Elsie Lefebvre, conseillère municipale dans l’arrondissement Villeray, n’est pas tout à fait de cet avis. Même après avoir subi les foudres de l’ancien premier ministre Jean Charest, qui l’a traitée de «chienne» alors qu’elle était députée péquiste en 2005, elle affirme sentir le respect mutuel de ses collègues.

«Non, la politique n’est pas plus difficile pour les femmes.» C’est plutôt faire le saut en politique qui est plus difficile et plus lent pour le beau sexe. Pas qu’elles n’aient pas les compétences nécessaires, mais «elles doutent plus d’elles-mêmes, se questionnent plus longtemps sur la décision», observe Elsie Lefebvre.

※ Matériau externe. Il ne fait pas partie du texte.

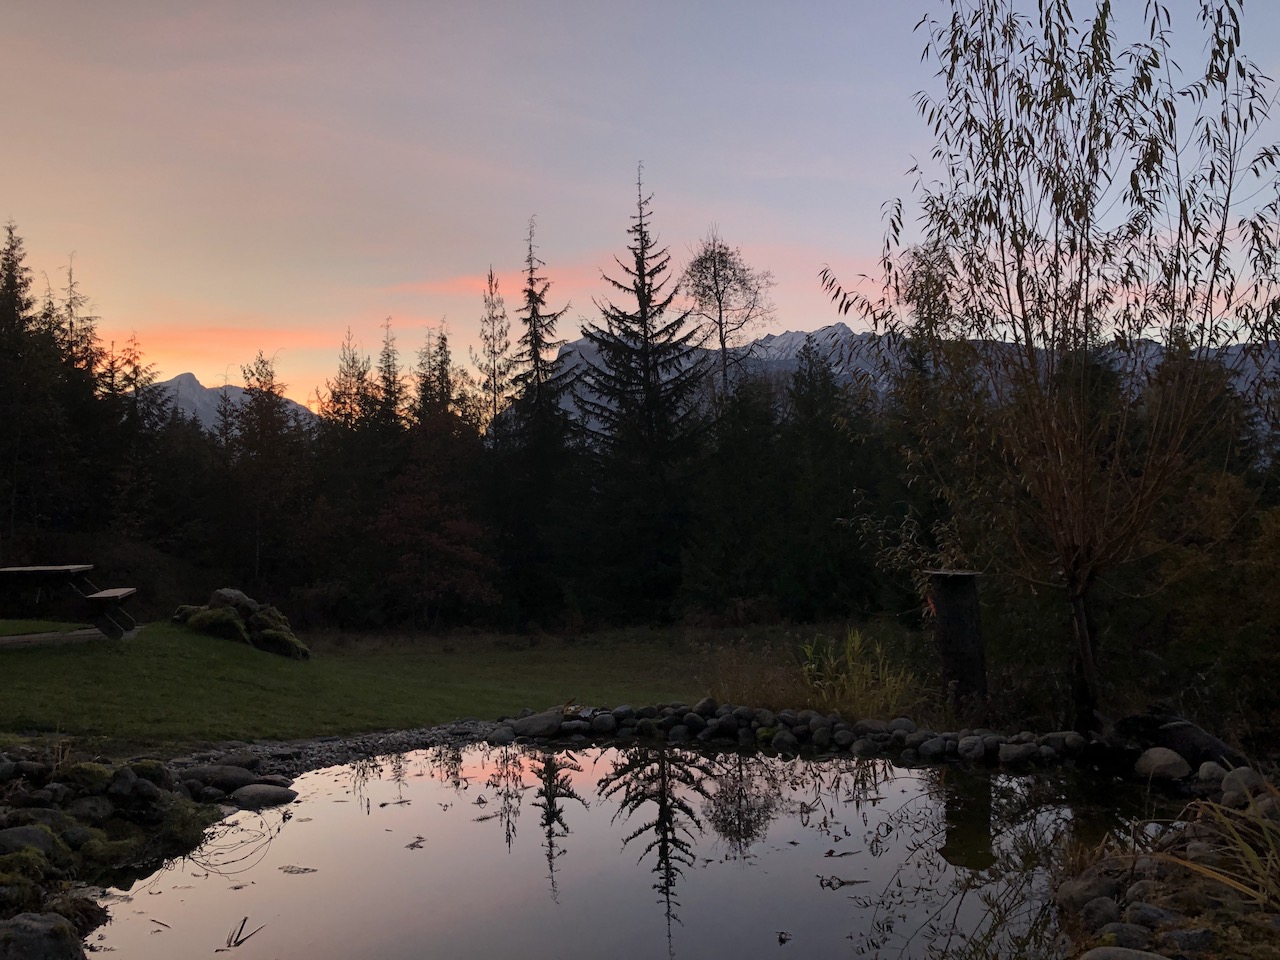 Mountain sunset with reflective pond in foreground
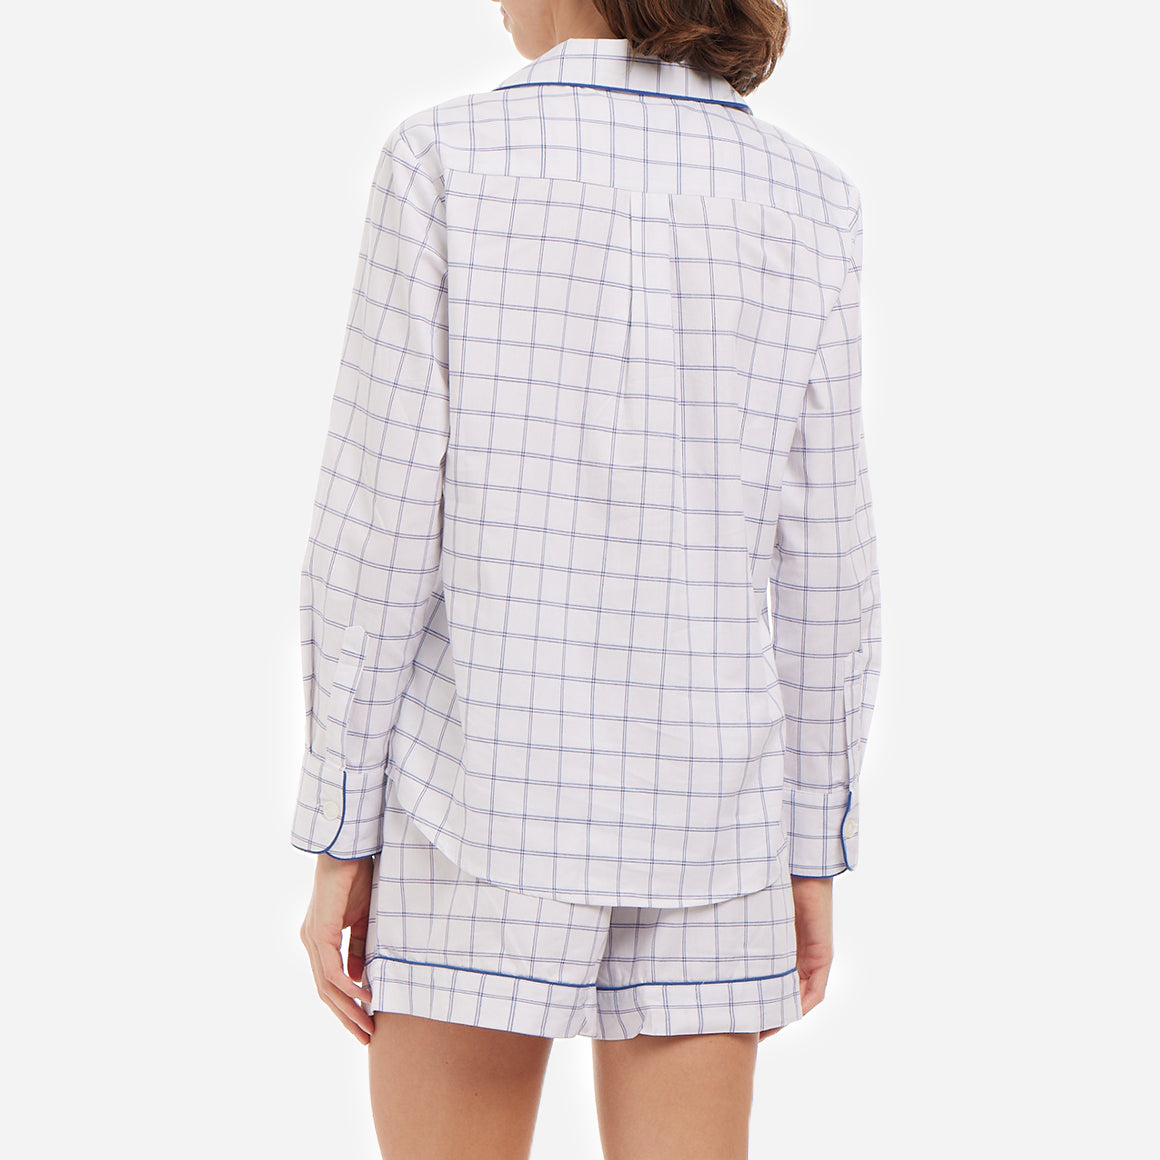 This classic tattersall check set is made from breathable and soft brushed cotton that feels light and heavenly on your skin. The pajama shirt has a relaxed cut for unrestricted movement, while the shorts feature a comfy elastic waist for a custom fit.

Pour convaincre les femmes de foncer et de prendre leur place en politique, l’organisme que coordonne Mme Paradis les amène justement à prendre conscience de leurs compétences, de leur expérience, de leur savoir-être. Il faut savoir s’admirer davantage.
 
Le rattrapage égalitaire s’est pourtant concrétisé dans plusieurs autres domaines. En médecine par exemple, «mais la médecine c’est encore “prendre soin de“», remarque Blanche Paradis. Bref, elles sont en plus grande proportion dans des «prolongements» de leur rôle traditionnel. Et la tradition continue de peser lourd, même dans la tête des femmes.

La mère, l’élue

Qui ne sait pas que la condition familiale des femmes explique aussi les réticences? «Les horaires atypiques et imprévisibles pèsent sur l’organisation d’une famille», fait remarquer Elsie Lefebvre, qui a eu deux enfants depuis qu’elle est entrée en politique. On sent à la fois la mère et la politicienne quand elle s’exclame. «Il n’y avait même pas de table à langer à l’hôtel de ville quand j’ai commencé à siéger.» Une salle d’allaitement munie d’un tel mobilier a depuis été aménagée.

Pourquoi vouloir attirer plus de femmes en politique, si ce n’est pour «pour faire de la politique autrement» comme le veut Mme Paradis ? Pour celle qui est déjà élue municipale, en plus d’une question de parité, «c’est pour avoir des institutions qui incarnent la diversité de la population.»

Surtout, elles pourraient être le nouveau souffle dont la démocratie municipale a grandement besoin. Les femmes pour faire le ménage ?

Désolé, la blague était trop facile.